И, словно повинуясь чьему-то непреодолимому наитию, девушка стала на пороге, протянула руки к бушующему пламени и зашептала:
Свят, свят, свят!
Господь на Синае...
Вода в Дунае.
Чтоб огненная сила От моего слова остыла.
И огонь, и пламень, и сера,
И блисковка 1), и от запалу,
И от лихого человека...
Слава Господу Иисусу Христу Ныне и присно и во веки... Аминь.
Ночь была тихая, бесветренная, грудами лежали вокруг церкви обгорелые дома. Но пламя, пожравши дерево и солому, ничего не могло сделать с глиной, из которой главным образом были построены мазанки-хаты, и в груде обломков там и здесь перебегали синие змейки огня, лизавшего замазанные глиною солому и хворост. Такие же синие змейки поползли по столетним липам и тополям вокруг церкви. Но молодая, сочная листва плохо загоралась и падала на землю широкою каймою серого пепла и обгорелых, свернувшихся листьев. Потом змейки поползли по траве к самой церкви. Но по украинскому обычаю земля вокруг церкви была туго убита и утоптана коленями и подковками молящихся и усыпана влажным речным песком. И у этого песка умерло последнее пламя.
*) Молния.
 
С порога Пилипачкиной хаты Маруся видела, как никнет пожар. И когда полный месяц стал над селом, в его серебряном свете звездочкой загорелся на обычном месте крест родной церкви.
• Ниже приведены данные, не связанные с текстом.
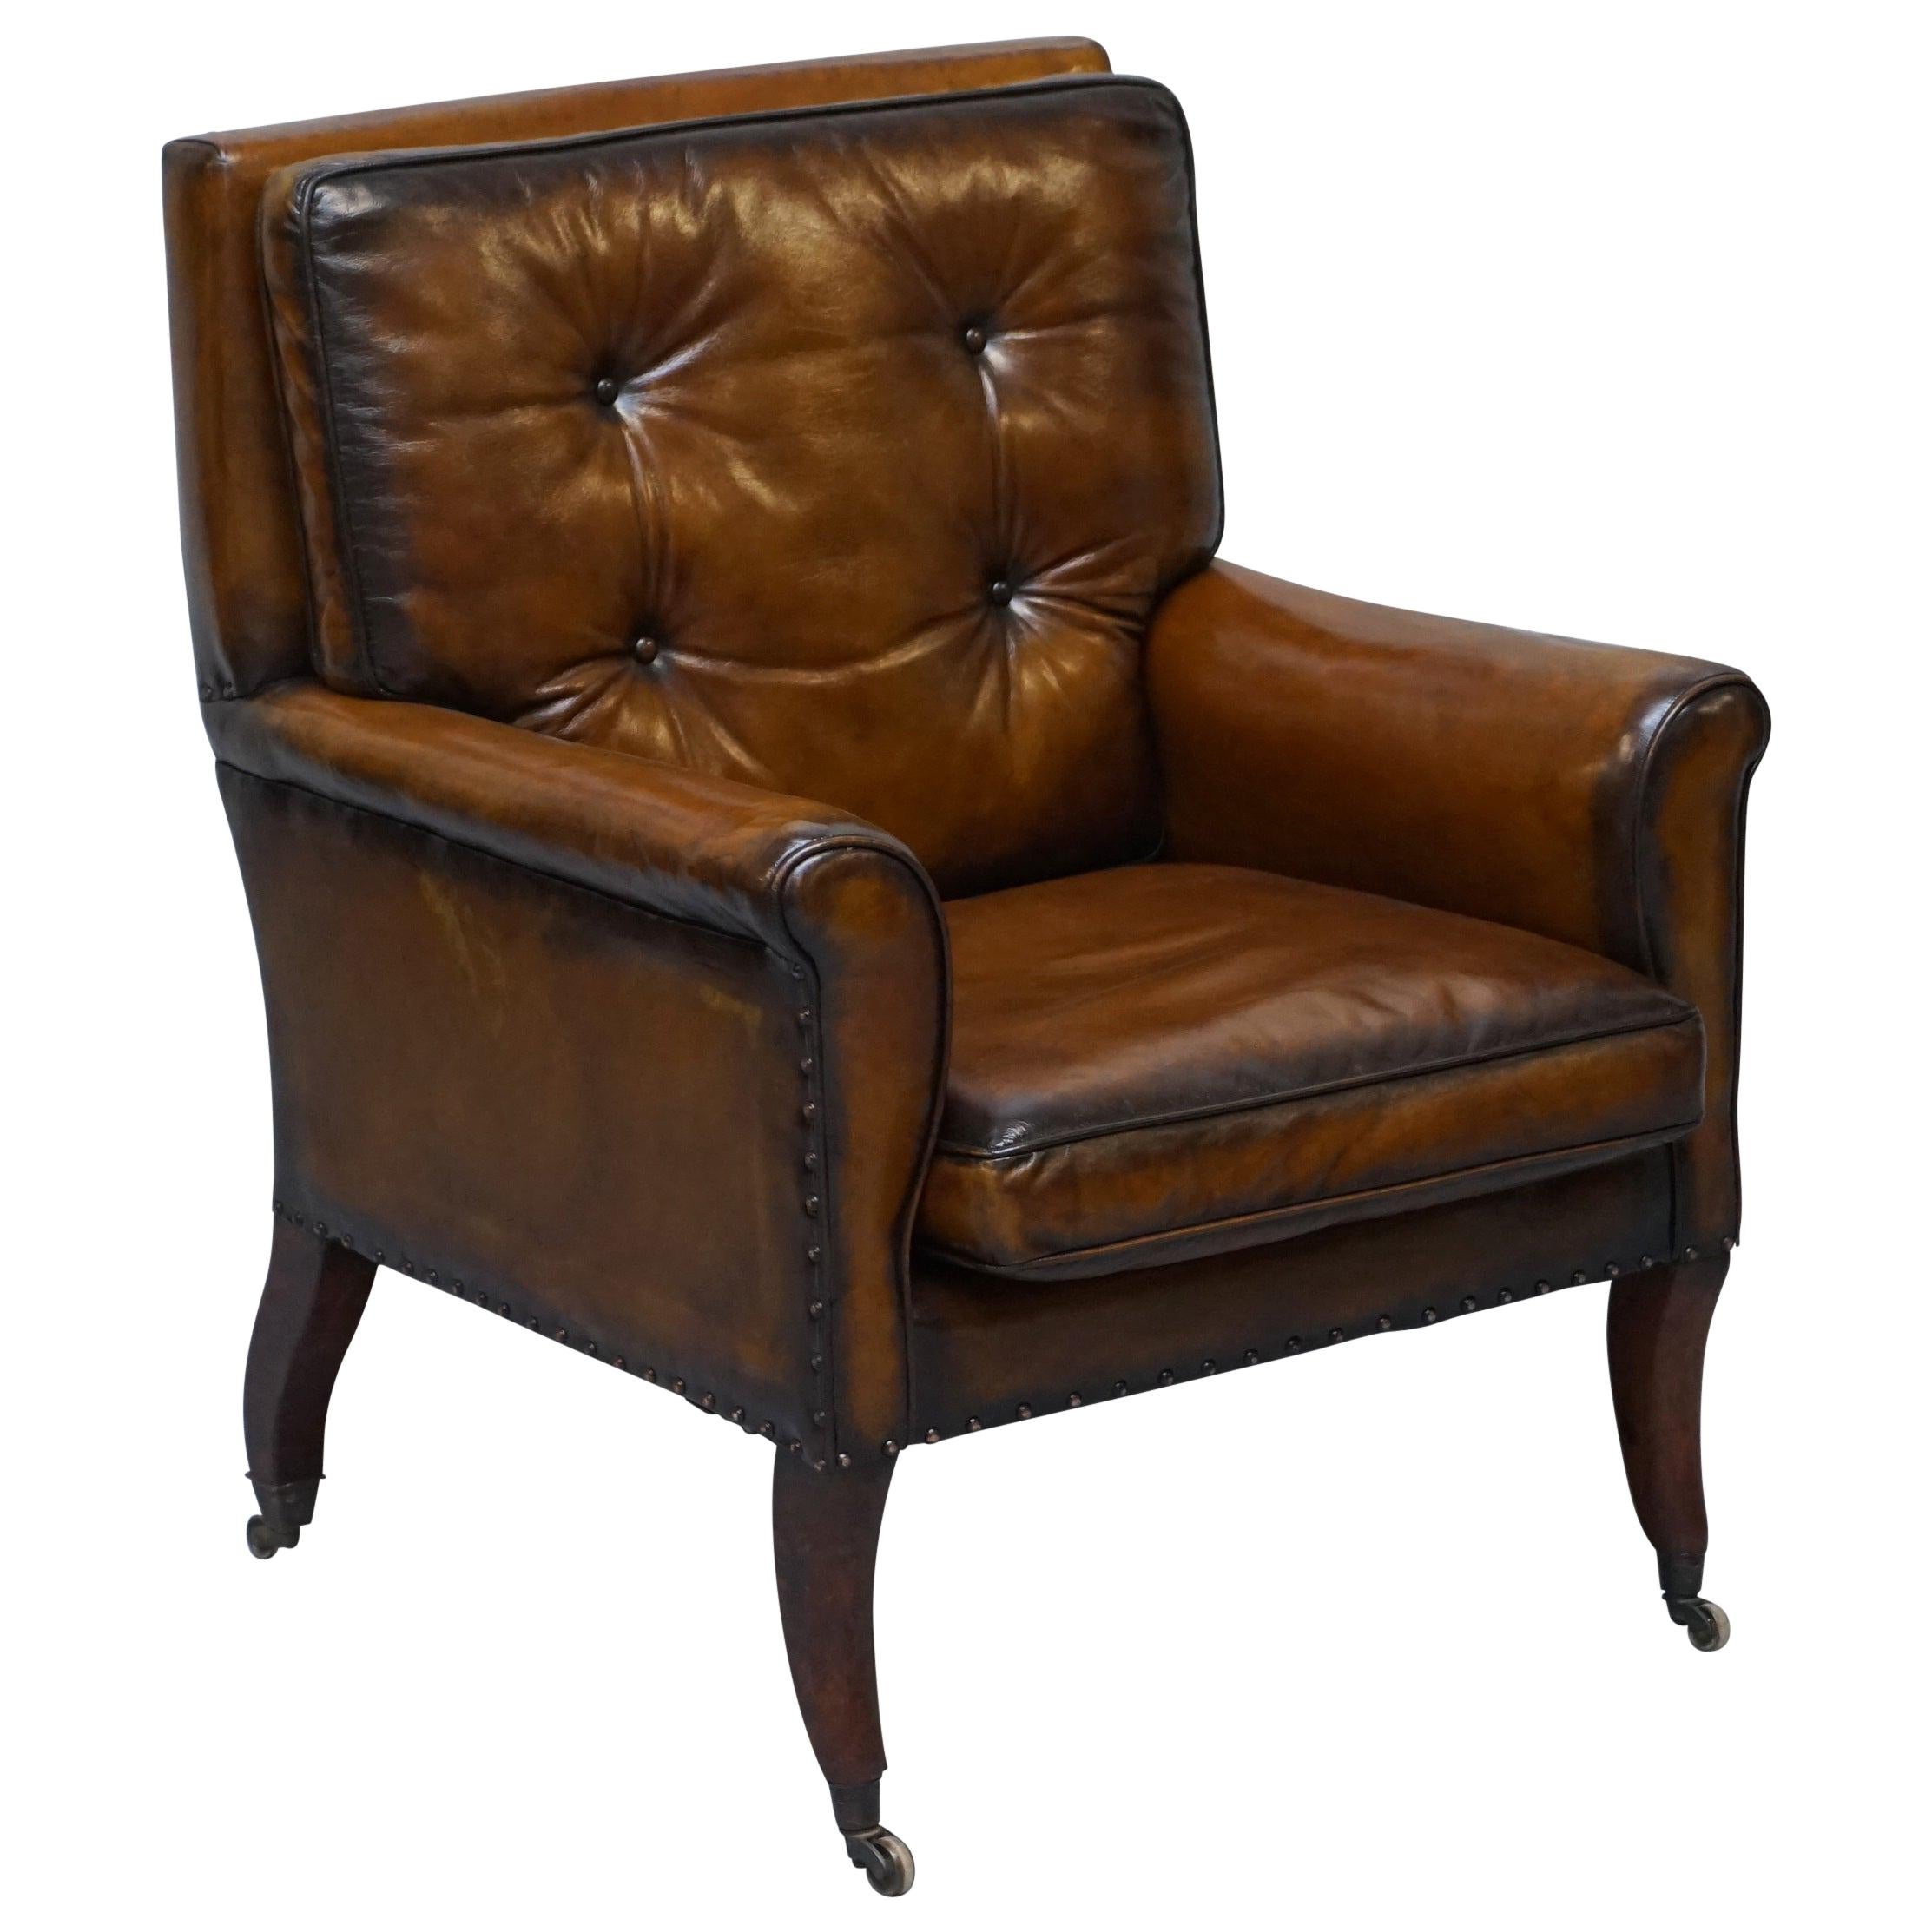 Original Regency circa 1810 Hand Dyed Brown Leather Gentleman's Club Armchair

Девушка зарыдала от счастья... Она верила, что по её молитве Матерь Божия сотворила чудо, охранивши среди моря пламени святое место Свое.
А с лавки, чуть слышные, доносились слова умирающей:
— Все можно отнять у человека; нельзя отнят только веру. Вера живет в душе,—вынимают с верою и самую душу. Но жив Бог... жива душа моя! И скажи ему, скажи своему Степану,—-когда соединит вас Господь в пару,—пусть идет на полночь искать защиты. Там... там... за Москвою...
Но конца вещих слов Маруся не слышала: последнее слово слетело с уст умирающей вместе с последним дыханием.
Девушка обрядила покойницу, сложила ей руки на груди, дала ей в руки восковой восьмиконечный крестик вместе с пучком базилики, и покрыла тело белой холстиной. Потом крепко заперла хату и быстро пошла берегом к лесу... Начинало светать, а до дня ей надо было быть в Яновской Дубине.
X.
Пышно зазеленели в тот год озими, да некому было засевать яровое. Цветущий край точно вымер. И только там и здесь вились дымки далеких пожаров: это горели усадьбы польских панов и не было кому их защищать от гайдамак, которые нападали по ночам на одинокие поселки, проходя невидимками мимо самых чутких псов и самых верных сторожей.
И наконец, на сейме в Варшаве было решено признать казаков воюющею стороною и объявить „посполитое рушенье11, т. е. народное ополчение. В то же время воеводам Киевскому и Брацлавскому было приказано двинуть войска в поле.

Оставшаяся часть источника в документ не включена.